P12029 [USACO25OPEN] Election Queries G

**Note: The time limit for this problem is 3s, 1.5x the default.** Farmer John has $N$ ($2 \leq N \leq 2 \cdot 10^5$) cows numbered from $1$ to $N$. An election is being held in FJ's farm to determine the two new head cows in his farm. Initially, it is known that cow $i$ will vote for cow $a_i$ ($1 \leq a_i \leq N$). To determine the two head cows, FJ will hold his election in the following process: - Choose an arbitrary subset $S$ of his cows that contains at least one cow but not all cows. FJ is able to choose cow $x$ as the first head cow if its votes appear most frequently among all votes cast by cows in $S$. - FJ is able to choose cow $y$ as the second head cow if its votes appear most frequently among votes cast by cows not in $S$. - For a fixed subset $S$, FJ denotes the **diversity** between his head cows as $|x - y|$. As FJ does not like having leaders with similar numbers, he wants to choose $S$ such that the **diversity** is maximized. Note that if FJ is not able to choose two distinct head cows, then the diversity is $0$. However, some cows keep changing their minds, and FJ may have to rerun the election many times! Therefore, he asks you $Q$ ($1 \leq Q \leq 10^5$) queries. In each query, a cow changes their vote. After each query, he asks you for the maximum possible **diversity** among his new head cows.

The first line contains $N$ and $Q$. The following line contains $a_1, a_2, \ldots, a_N$. The following $Q$ lines contain two integers $i$ and $x$, representing the update $a_i = x$ ($1 \leq i, x \leq N$).

Output $Q$ lines, the $i$'th of which is the maximum possible **diversity** after the first $i$ queries.
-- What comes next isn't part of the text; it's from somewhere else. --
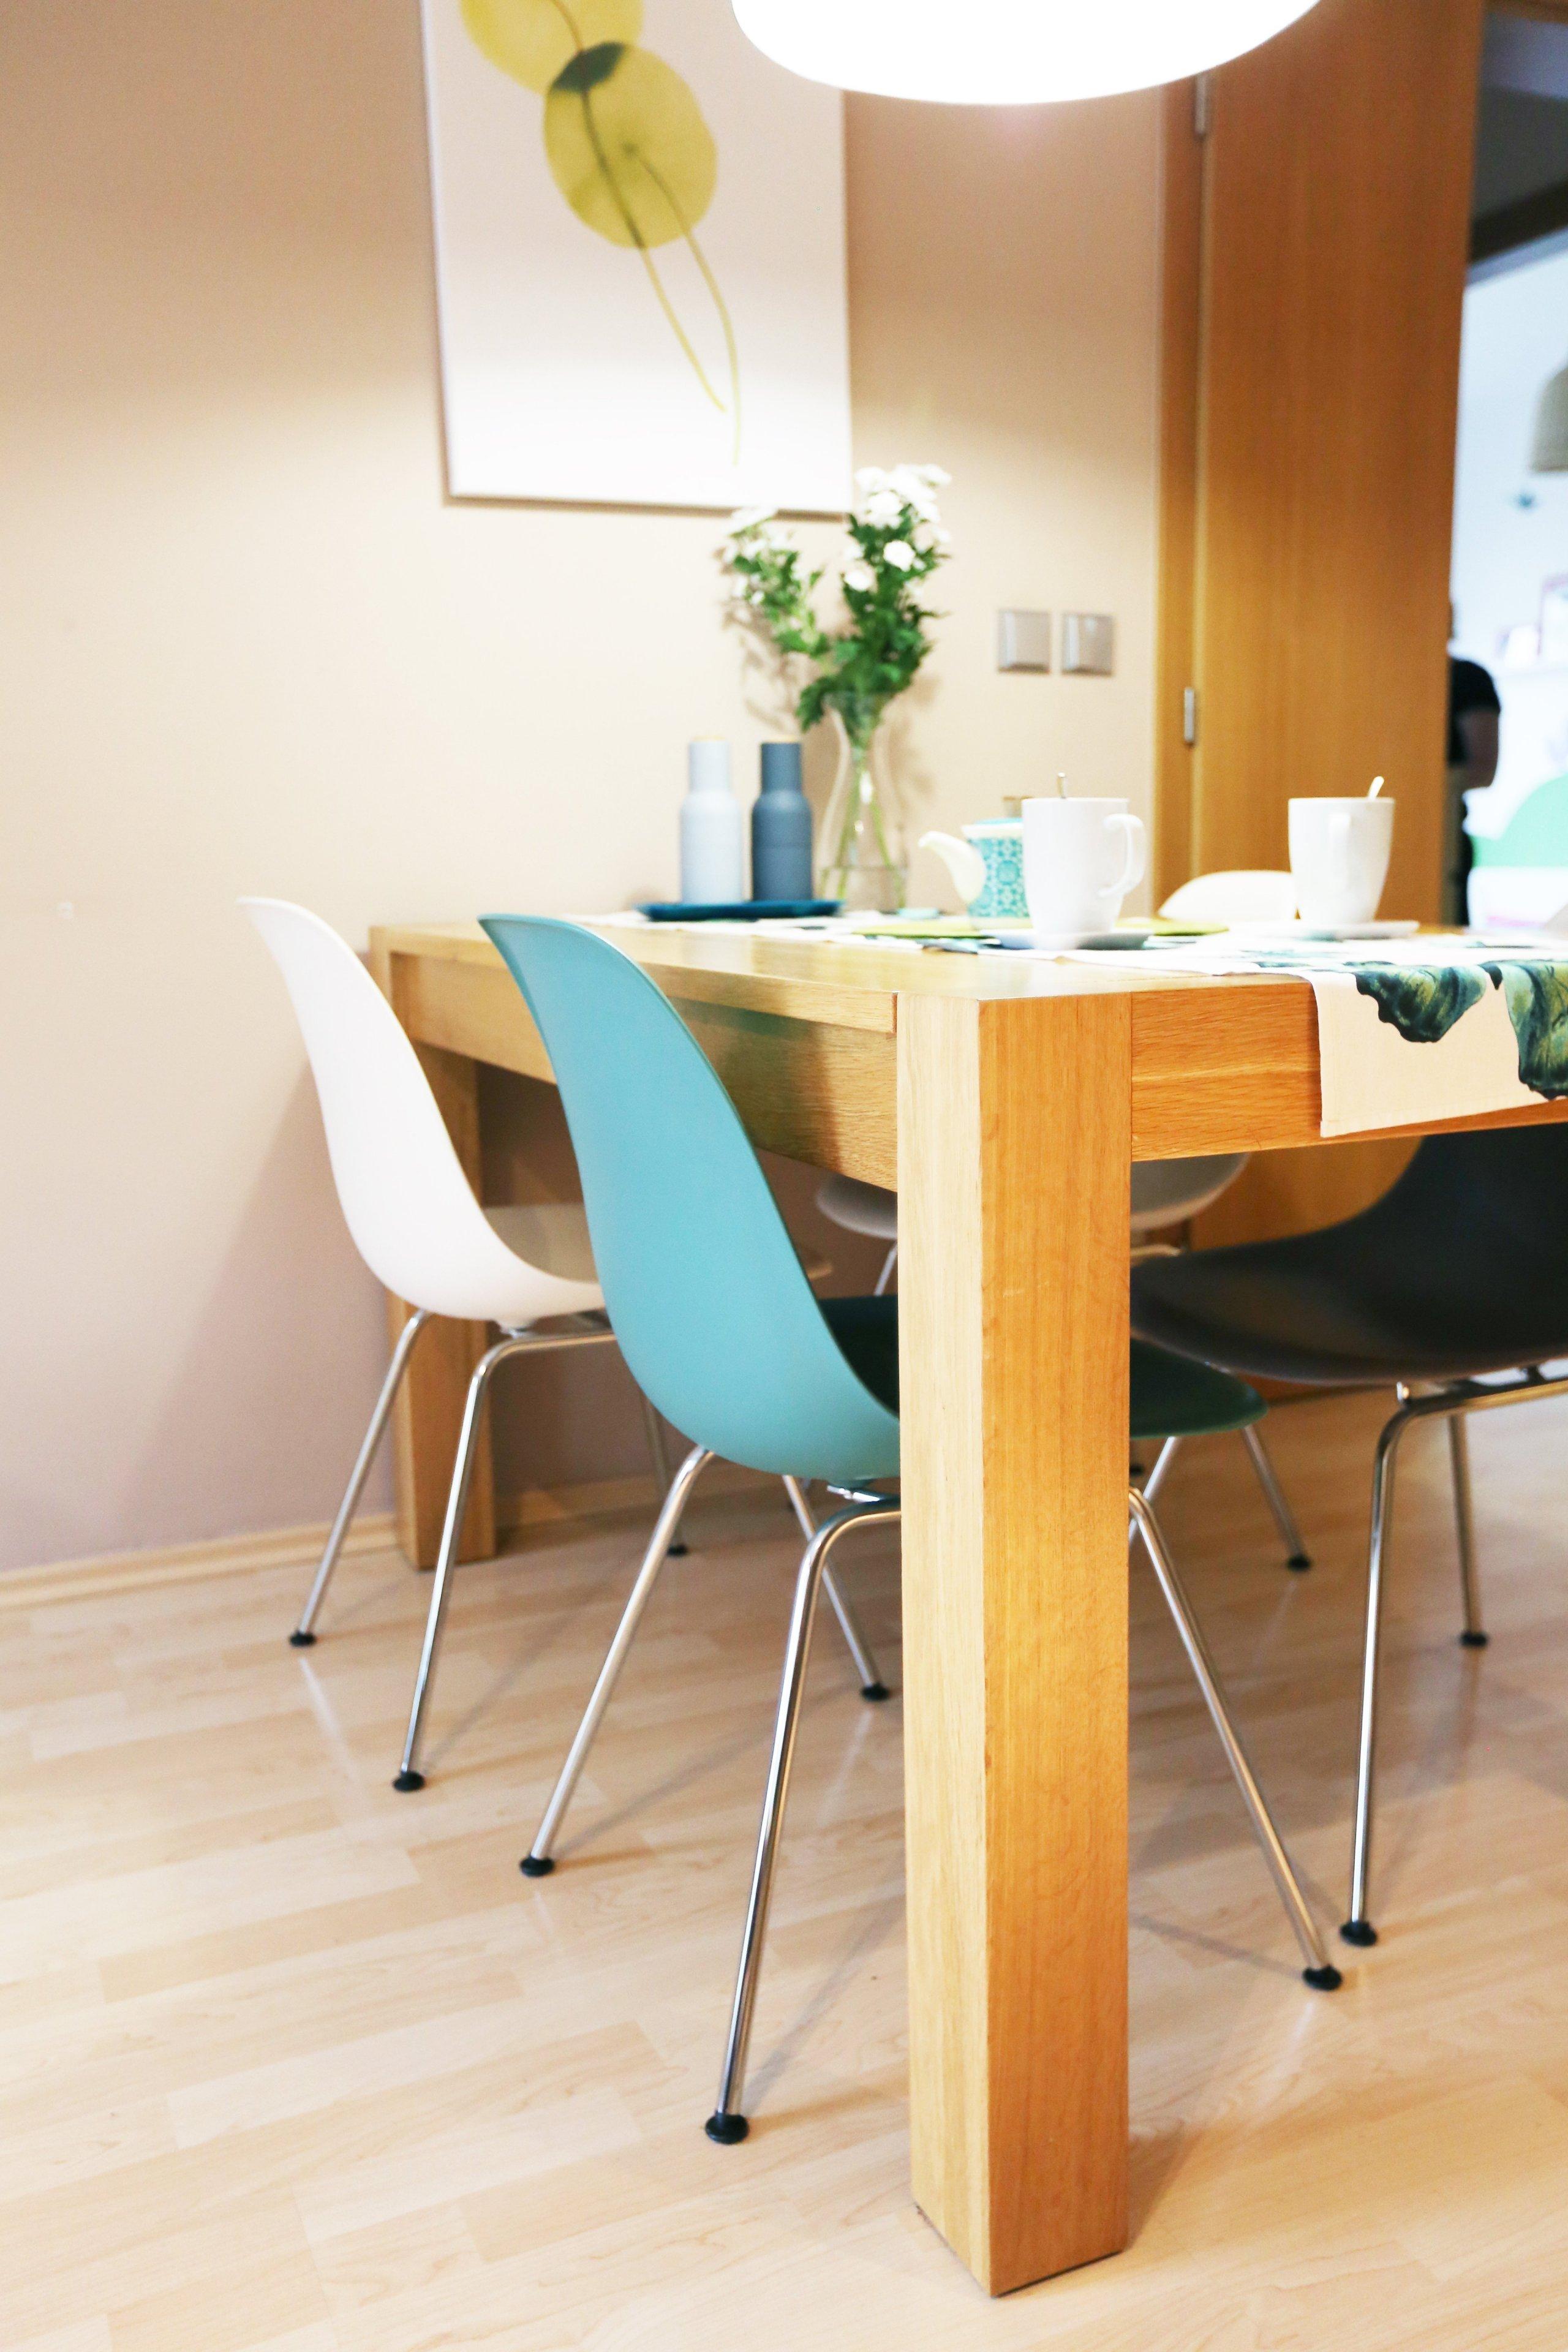 Návrh a realizace obývacího pokoje s velkou knihovnou a pracovním koutem. Knihovna na míru je vyrobena z dubové dýhy, jídelní stůl z masivního dubu, ostatní…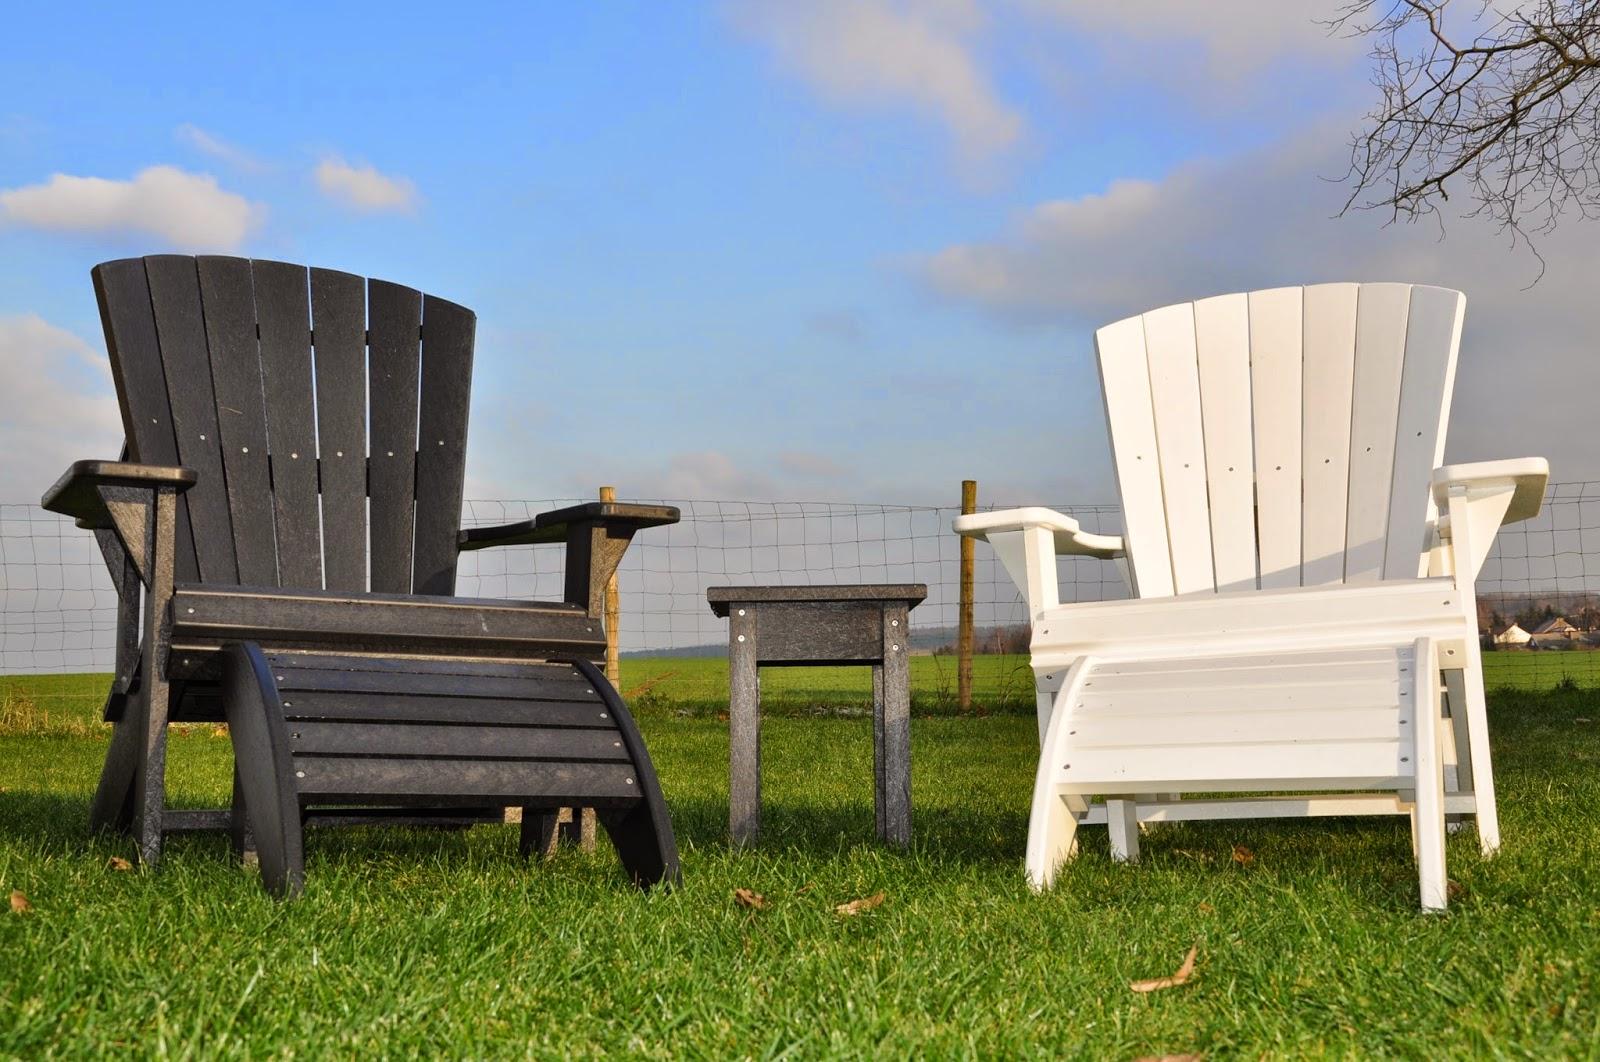 Fauteuil adirondack en plastique fauteuil relax - Chaise adirondack plastique recycle costco ...

##### For Sample 1: After the first query, $a = [1, 2, 4, 4, 5]$. At the first step of the election, FJ can make $S = \{1, 3\}$. Here, cow $1$ receives one vote and cow $4$ receives one vote. Therefore, FJ can choose either cow $1$ or cow $4$ as its first head cow. For all cows not in the election, cow $2$ receives one vote, cow $4$ receives one vote, and cow $5$ also receives one vote. Therefore, FJ can choose any one of cows $2$, $4$, or $5$ to be its second head cow. To obtain the maximum diversity, FJ can choose cow $1$ as the first head cow and cow $5$ as the second head cow. Therefore, the diversity is $|1-5| = 4$. After the second query, $a=[2,2,4,4,5]$ and FJ can make $S = \{4, 5\}$. Then, he can choose $5$ as the first head cow and cow $2$ as the second head cow. The maximum possible diversity is $|5 - 2| = 3$. #### SCORING: - Inputs 3-4: $N, Q \leq 100$ - Inputs 5-7: $N, Q \leq 3000$ - Inputs 8-15: No additional constraints.